Point 1. You changed the legend in Figure 5e. But it still says "Kaplan- Meier survival curves showed no relation between CD9 expression and overall survival (P=0.192)"... but it is MSS not OS, the p-value is 0.018 and not 0.192, and there is a difference?? Three errors in one line.
Response point 1. We changed the legend in Figure 5e. Unfortunately, this is a carelessness. In the revised version we have corrected the result but we have not corrected the legend which has remained the same as in the previous version.
Point 2: Table 2. Have you used Cox-regression to identify factors for a positive SNB? Cox-regression is a "time-to-event" analysis and to use it to identify a binary outcome (pos/neg) is not just wrong, it means that you have absolutely no clue what you are doing. You have to a logistic regression, reporting odds ratios, and not hazard ratios. Another major point is that in multivariate analysis, you must tell what is the reference. In e.g. Table2, what does a HR of 0.52 for Gender meaning. Is it women or men that have a lower risk? And a HR of 0.44 for CD9 would mean that CD9 positivity would LOWER the risk of a positive SNB with 66%... and that is not coherent with your other results.

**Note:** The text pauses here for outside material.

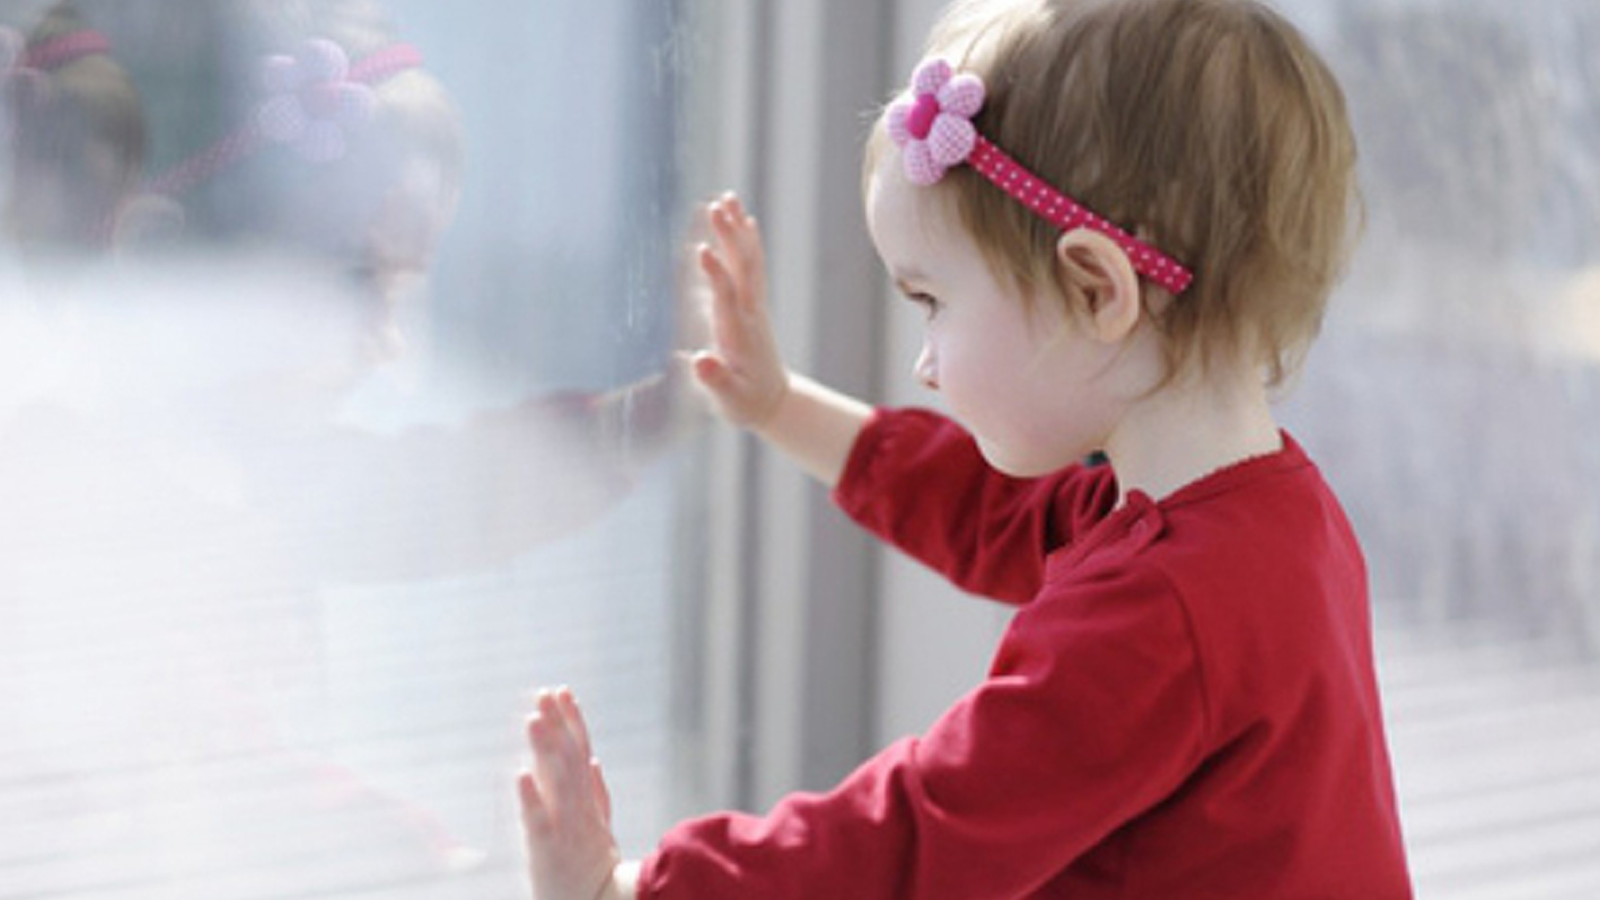 Из окна 2-го этажа в Шексне выпала 3-летняя девочка

Response to point 2. We reviewed the statistical analysis with a clinical statistician. We performed a logistic regression analysis shown in Table 2.

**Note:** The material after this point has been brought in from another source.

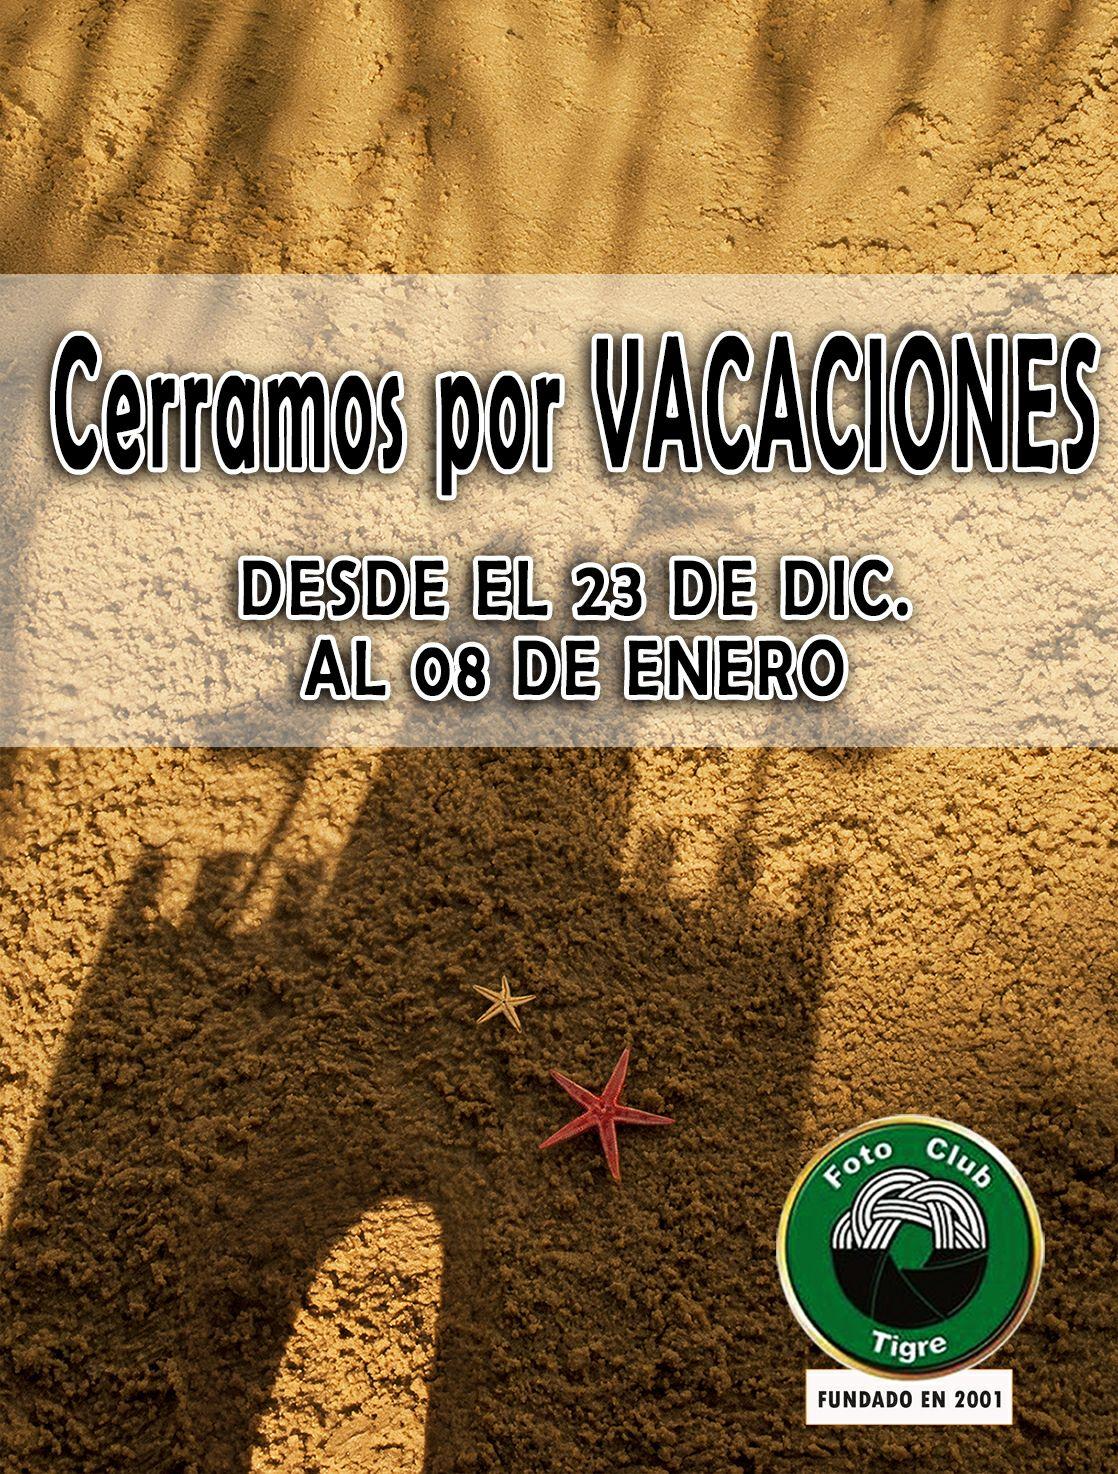 CERRADO POR VACACIONES!!

Point 3. In Table 3 you have to report reference categories for all non-continues variables. And e.g. that ulceration would lower the risk of death seems very unlikely (you have probably switched the reference.
Response to point 3. We revised Cox regression analysis. We revised the Table 3.
Point 4. I honestly believe that you need a proper statistical consultation that really verifies all of the statistics and how it is reported. There is almost no statistical analysis performed in this paper that has been correct, even though it has improved after my comments. But the work of a reviewer is not to go through all details and do a revision, that has to be done and vetted for by the authors according to strict scientific stringency. You can not just take a test and run it through SPSS not knowing what you are doing, that is sadly the true impression I get.
Response to point 4. We reviewed the whole statistical analysis with the help of a clinical statistician. We added the Kaplan Meier analysis to study the association between tumor ulceration and MSS. We added the results in the Patient Characteristics section and Figure 1d.
We hope that our manuscript is now suitable for publication, considering that our study was primarily an experimental study. We believe that other studies are needed to confirm our findings, especially our clinical results, with the involvement of a larger number of melanoma patients.
Author Response File: Author Response.docx
Round 4
Reviewer 2 Report
I now think that the major revisions needed are performed, and I can jus congratulate the authors for this very interesting paper!